В остальном праздник обошелся без всяких приключений. После обеда, который был великолепен, танцевали и гуляли по парку. Ночь давно уже наступала, когда разъехались последние гости.
Эриксо тотчас же ушла к себе в кабинет, чтобы поговорить и обсудить подробности странного и ужасного случая, смутившего брачную церемонию.
Освободившись от своего тяжелого подвенечного платья, Эриксо надела вышитый батистовый пеньюар, перехваченный у талии шелковым шнурком, с широкими рукавами, открывавшими ее чудные руки, точно выточенные из слоновой кости. Она очень любила такого рода легкое одеяние, напоминавшее ее прежние туники. Распустив свои длинные, чудные волосы, Эриксо вышла из спальни и прошла в будуар, прихотливо убранный цветами и произведениями искусства. Она остановилась на минуту и машинально окинула роскошную комнату мрачным и рассеянным взором; затем распахнула широкую дверь и вышла на большую террасу, с которой лестница в несколько ступеней вела в сад.
Ночь стояла тихая и прекрасная; воздух был тепел и ароматен. Из цветника доносилось опьяняющее благоухание роз и лилий. Легкий всплеск фонтана слышался в ночной тиши.
Облокотясь на балюстраду, Эриксо задумчиво оглянулась кругом. Прямо перед нею лежала лужайка, обрамленная вдали густой, темной зеленью парка. Взошла луна и окутала все вокруг своим мягким, голубым, дремотным светом.
Глубокий вздох вырвался из груди Эриксо. Как могла бы она быть счастлива здесь, вырвавшись, наконец, на свободу из своей темницы – пирамиды и соединившись с любимым человеком, если бы на ее дороге, подобно грозному призраку, не стоял Аменхотеп! При воспоминании о маге, ледяная дрожь пробежала по ее телу и она беспокойно схватилась за пояс. Нащупав рукоятку своего оружия, Эриксо успокоилась и снова погрузилась в задумчивость.
Когда же настанет конец этой жизни, тянущейся целые века? – в волнении спрашивала она себя. – Будет ли она вечно молода и прекрасна, или же и ее настигнет со временем обычная участь всех смертных?
Случайно взглянула она на свою руку, лежавшую на балюстраде, и на ее устах мелькнула горькая усмешка. Кто поверит, что эта же самая рука с атласной кожей и с розовыми ногтями плела некогда гирлянды на праздник быка Аписа и приносила жертвы богу в том храме, развалины которого погребены теперь под песком пустыни?
Порыв холодного ветра вывел ее из задумчивости, и до слуха Эриксо донесся далекий серебристый звон колокольчика; смертельно побледнела она, шатаясь сделала несколько шагов назад. Выхватив из–за пояса кинжал, она быстро очертила им круг около себя; из лезвия словно брызнула фосфорическая нить и огненной змейкой обежала вокруг. Эриксо стояла неподвижно, тяжело переводя дыхание, прижав кинжал к груди. Она чувствовала приближение рокового для нее человека.
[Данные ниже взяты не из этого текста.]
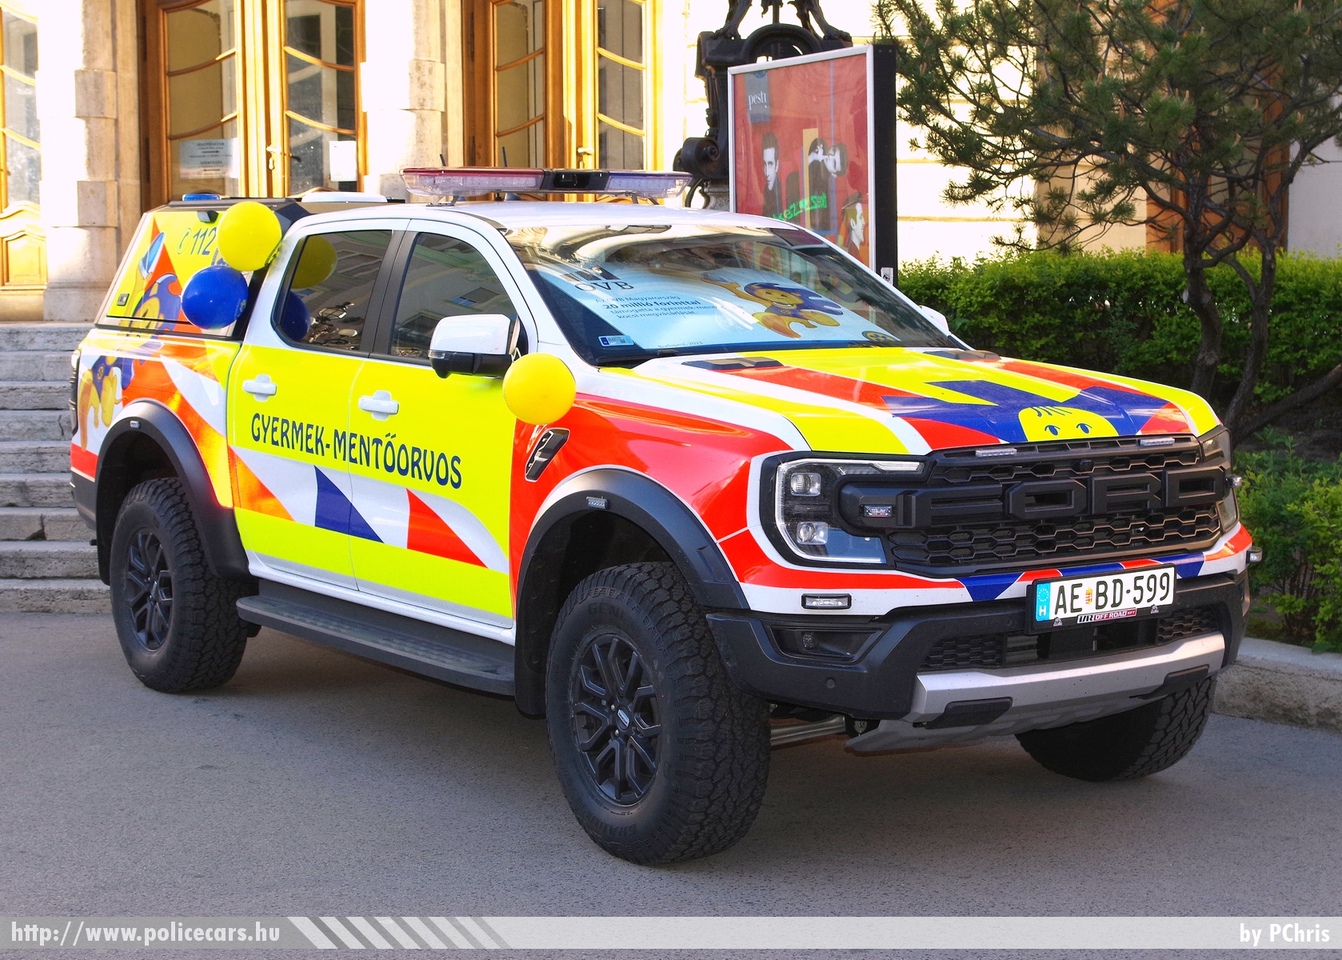 Ford Ranger Raptor, gyermek-mentőorvosi kocsi, Szent Márton Gyermekmentő Szolgálat Közhasznú Alapítvány, fotó: PChris
Keywords: mentő magyar Magyarország mentőautó ambulance Hungary hungarian AEBD-599 MOK

Что–то необычайное творилось в природе: воздух кругом точно звенел и дрожал; удушливым ароматом пахнуло на нее. На горизонте вспыхнула красная звездочка, которая стала быстро расти, приближаясь с невероятной быстротой.
Скоро кроваво–красный диск звезды заслонил собою небо, и окрестные предметы словно озарились заревом пожара. Как сквозь туман видела теперь Эриксо пальмы, среди которых вращалось беловатое, фосфоресцирующее облако. Сам воздух – и тот, казалось, стал иным, и на нее повеяло зноем пустыни.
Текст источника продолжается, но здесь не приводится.